The Impact of the Most Favored Nation Price

While few details are available on the specifics of the proposal, this analysis attempts to provide a sense of the scope of impact on drug developer revenue under an MFN rule. This analysis assumes that the same countries referenced in the 2018 ASPE report will be used in the MFN model, and that the price differentials between the United States and those countries continue. Using total spending data available in the Centers for Medicare and Medicaid Services Drug Spending Dashboard for Part B drugs, as well as the U.S.-international price ratios found in the ASPE report for 26 different drugs, revenues for these same 26 drugs would be reduced by an estimated 64.1 percent if reimbursement were limited to the lowest price available in any of the other countries. Total spending by Medicare Part B on those 26 drugs in 2018 was $19.9 billion; paying the lowest price for each would reduce total revenue by $12.8 billion. For comparison, under the original IPI proposal these drugs would have seen a 30 percent reduction in reimbursement, or a $6 billion reduction in total revenue. In other words, the impact of the MFN IFR on manufacturer revenue is estimated to be twice that of the IPI ANPR impact, assuming no changes in utilization from 2018.


Like the IPI proposal before it, the MFN rule is effectively the equivalent of importing foreign governments’ price control systems to the United States as a way to set prices for pharmaceuticals indirectly. Importing other countries’ price controls isn’t demonstrably different, however, from the United States instituting its own price controls. And implementing price controls, even indirectly, would be a fundamental shift in the way the U.S. government has always engaged with health care and markets more broadly.

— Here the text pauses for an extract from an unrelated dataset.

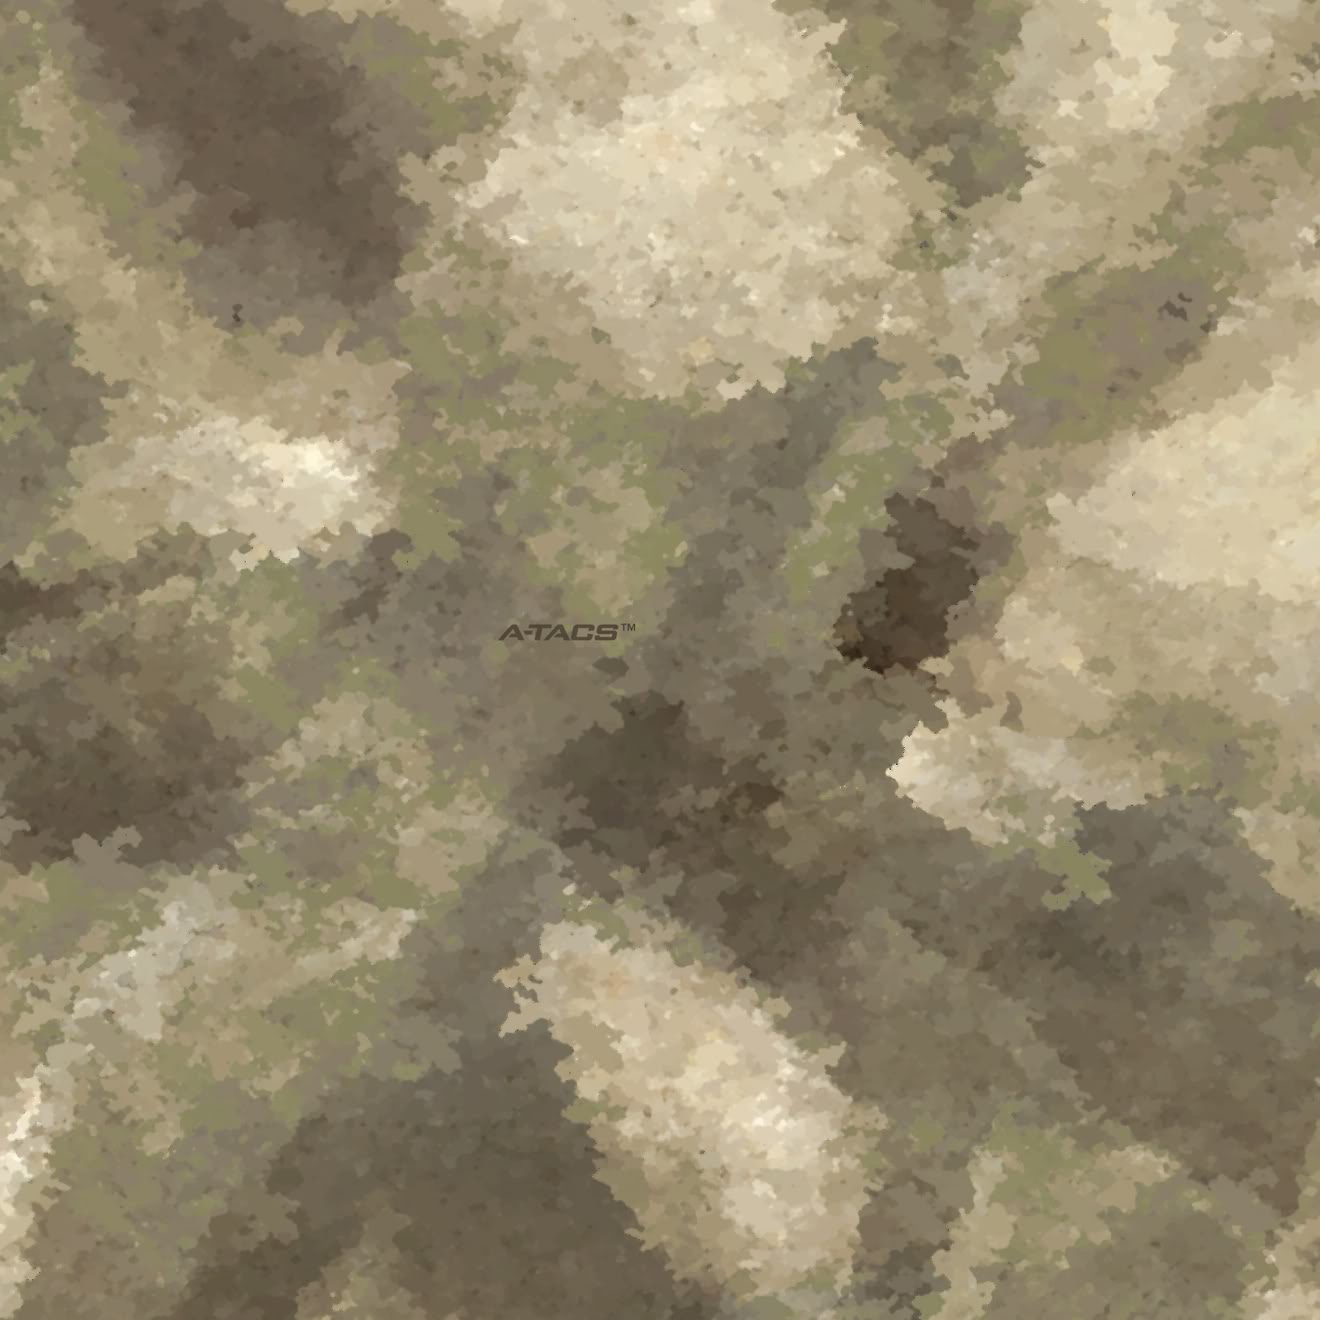 A-TACS, Camouflage Wiki

It is also important to recognize that other countries are able to limit their drug spending because in part they are willing to say no to innovative treatments for their citizens in the interest of budget constraints. To date, Americans have not been willing to let their government make this tradeoff, but it is reasonable to assume that the MFN proposal would result in at least some of the access issues seen in the countries whose payment policies would be adopted.

President Trump and others have suggested that policies tying U.S. prices more directly to those of other nations would force pharmaceutical companies to negotiate higher rates from those countries. The more likely outcome, however, is that the lost revenue will not be made up—save for possibly from some increased utilization as a result of the lower price—and instead American patients will see decreased access to future treatments.

Despite the Trump Administration’s focus on price setting, policymakers are not without effective options to reduce drug prices. Imposing structural reforms—such as rebate reform and a restructuring of the Medicare Part D benefit design—to mitigate existing policies that distort the market and often encourage higher prices would be a good place to start. In fact, Republicans and Democrats on both sides of the Capitol have proposed—and agreed on—myriad policy changes that could be implemented to reduce drug prices without harming innovation or hindering access.

[1] One drug included in the ASPE report was not included in the CMS Drug Spending Dashboard data and is thus excluded from this analysis.